You have two options: double mappings or double glyphs.

  1. Double mappings: You give the same glyph multiple Unicode values. To do this, simply click in the Unicode field and type the second Unicode value, e.g., add 00A0 next to 0020 in the space, and press Return:

This has the advantage of keeping the file size small. So, this may be a good idea for webfonts, which need to be as small as possible. On the downside, there is an issue with copying text out of a PDF that was set with a font containing double mappings. (If you want to know more about it, read the section ‘Problems with Double Encodings’ in the All Caps tutorial.) We still recommend this method though, because extracting text out of a PDF is broken on so many levels that it is a hopeless case anyway, and thus not worth shedding tears over.

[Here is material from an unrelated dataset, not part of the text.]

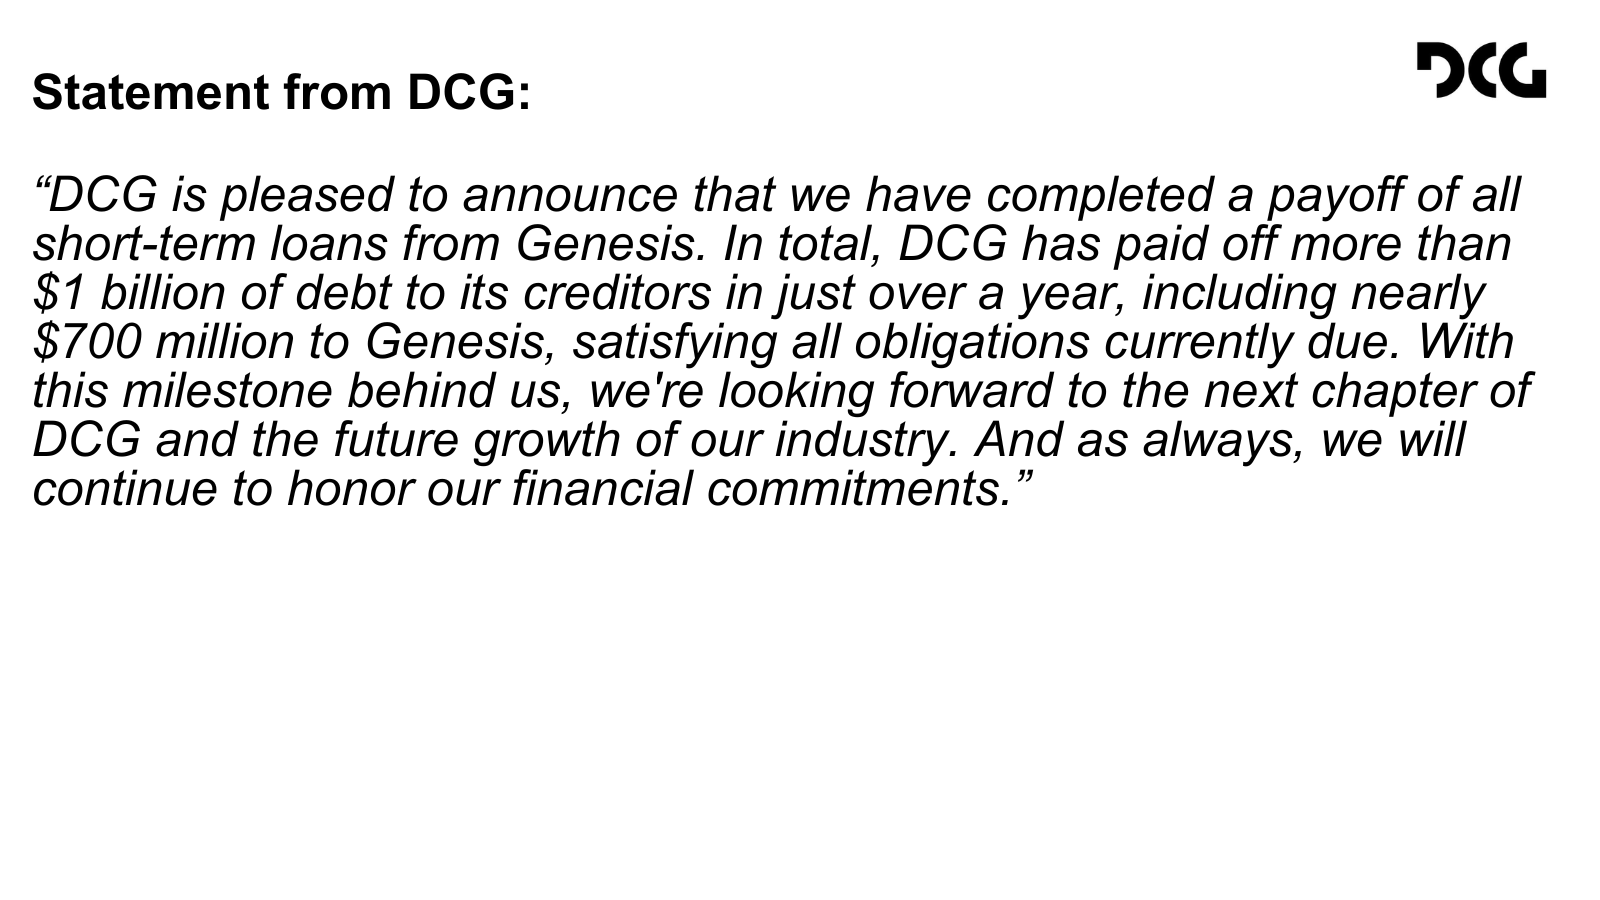 DCG：已向债权人偿还超10亿美元债务，包括Genesis的近7亿美元
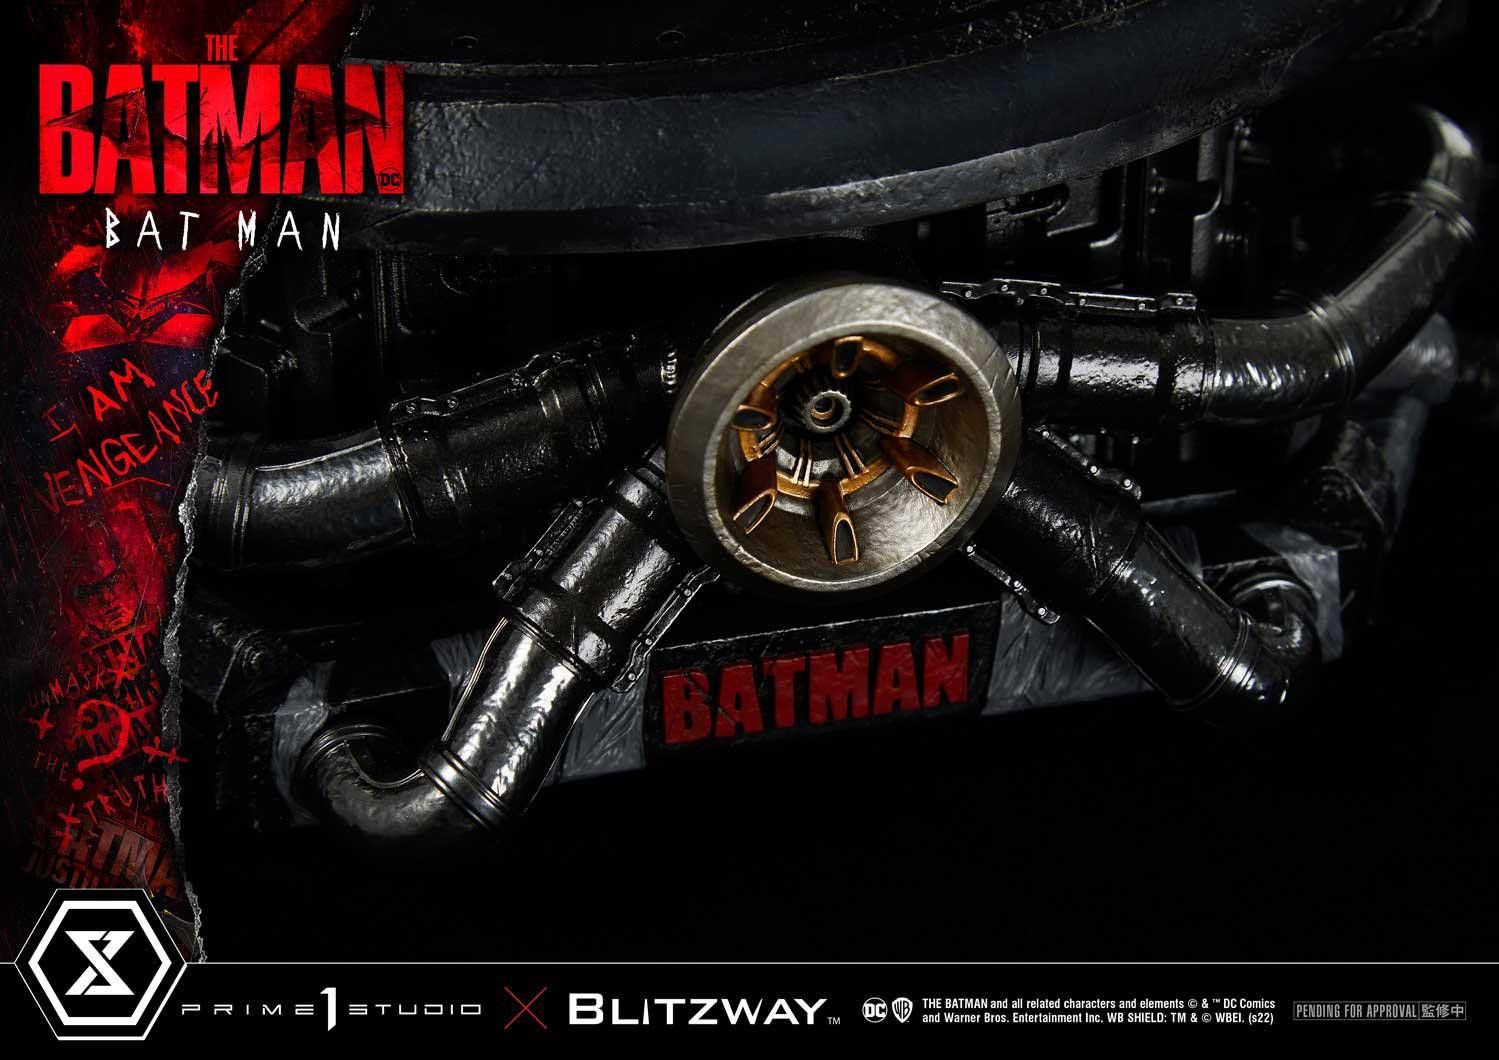 Роберт Паттинсон в образе Бэтмена &mdash; фигурка за $1 599. Источник: prime1studio.com

  1. Double glyphs: You can duplicate a glyph as a component copy with a simple recipe. A component copy is a glyph that has exactly one other glyph as a component. If the component is auto-aligned, the original and the duplicate always stay in sync. It is easy to create a component copy with a recipe: Choose Glyph > Add Glyphs… (Cmd-Shift-G) and type the original glyph name, followed by an equals sign, followed by the name of the duplicate.

Example: you already have the Greek Delta, but want to reuse it as increment symbol (and you are concerned about the PDF text extraction issues mentioned above). You press Cmd-Shift-G to bring up the Add Glyphs… dialog, type Delta=increment, and press Generate:

If you want to keep space glyphs identical, you do not need components, of course. It is much smarter to simply use a Metrics Key for the width. For example, if you want the non-breaking space to be the same as the regular space, open your nbspace glyph for editing, and type =space in the Width field. Then choose Glyph > Update Metrics (Ctrl-Cmd-M) to make sure the glyph width is in sync. Or, if you have multiple masters, hold down the Option key, and the command will magically change into Update Metrics on All Masters. Cool. Read more about Metrics Keys in the Spacing tutorial.

UnicodeChecker

Glyphs can interoperate with a shareware tool called UnicodeChecker from the great people at Earthling Soft. UnicodeChecker helps you quickly find all the info you need about characters. To invoke UnicodeChecker, click on the little arrow next to the Unicode in the grey info area:

Glyphs will then send the code of the current glyph to UnicodeChecker, which in turn will tell you all sorts of useful information about the character in question:

UnicodeChecker is also useful for quickly finding all characters related to a script. For instance, if you really want to cover all Latin characters, switch to UnicodeChecker and in the Character Blocks > Alphabetically: Ideographic-Lydian submenu, you will find all Latin blocks:

If you haven’t installed UnicodeChecker yet, Glyphs will prompt you to do so when you click on the arrow. Downloading and installing UnicodeChecker is free. However, if you do use it on a regular basis, think about how much time and nerves this little tool saves you and consider a donation to the makers. Support shareware, it supports you.


Update 2019-02-13: changed for Unicode 11.0.0 and updated link, rewrite of Double Mappings.
Update 2022-08-03: changed for Unicode 14.0.0, updated screenshots, related articles, minor formatting.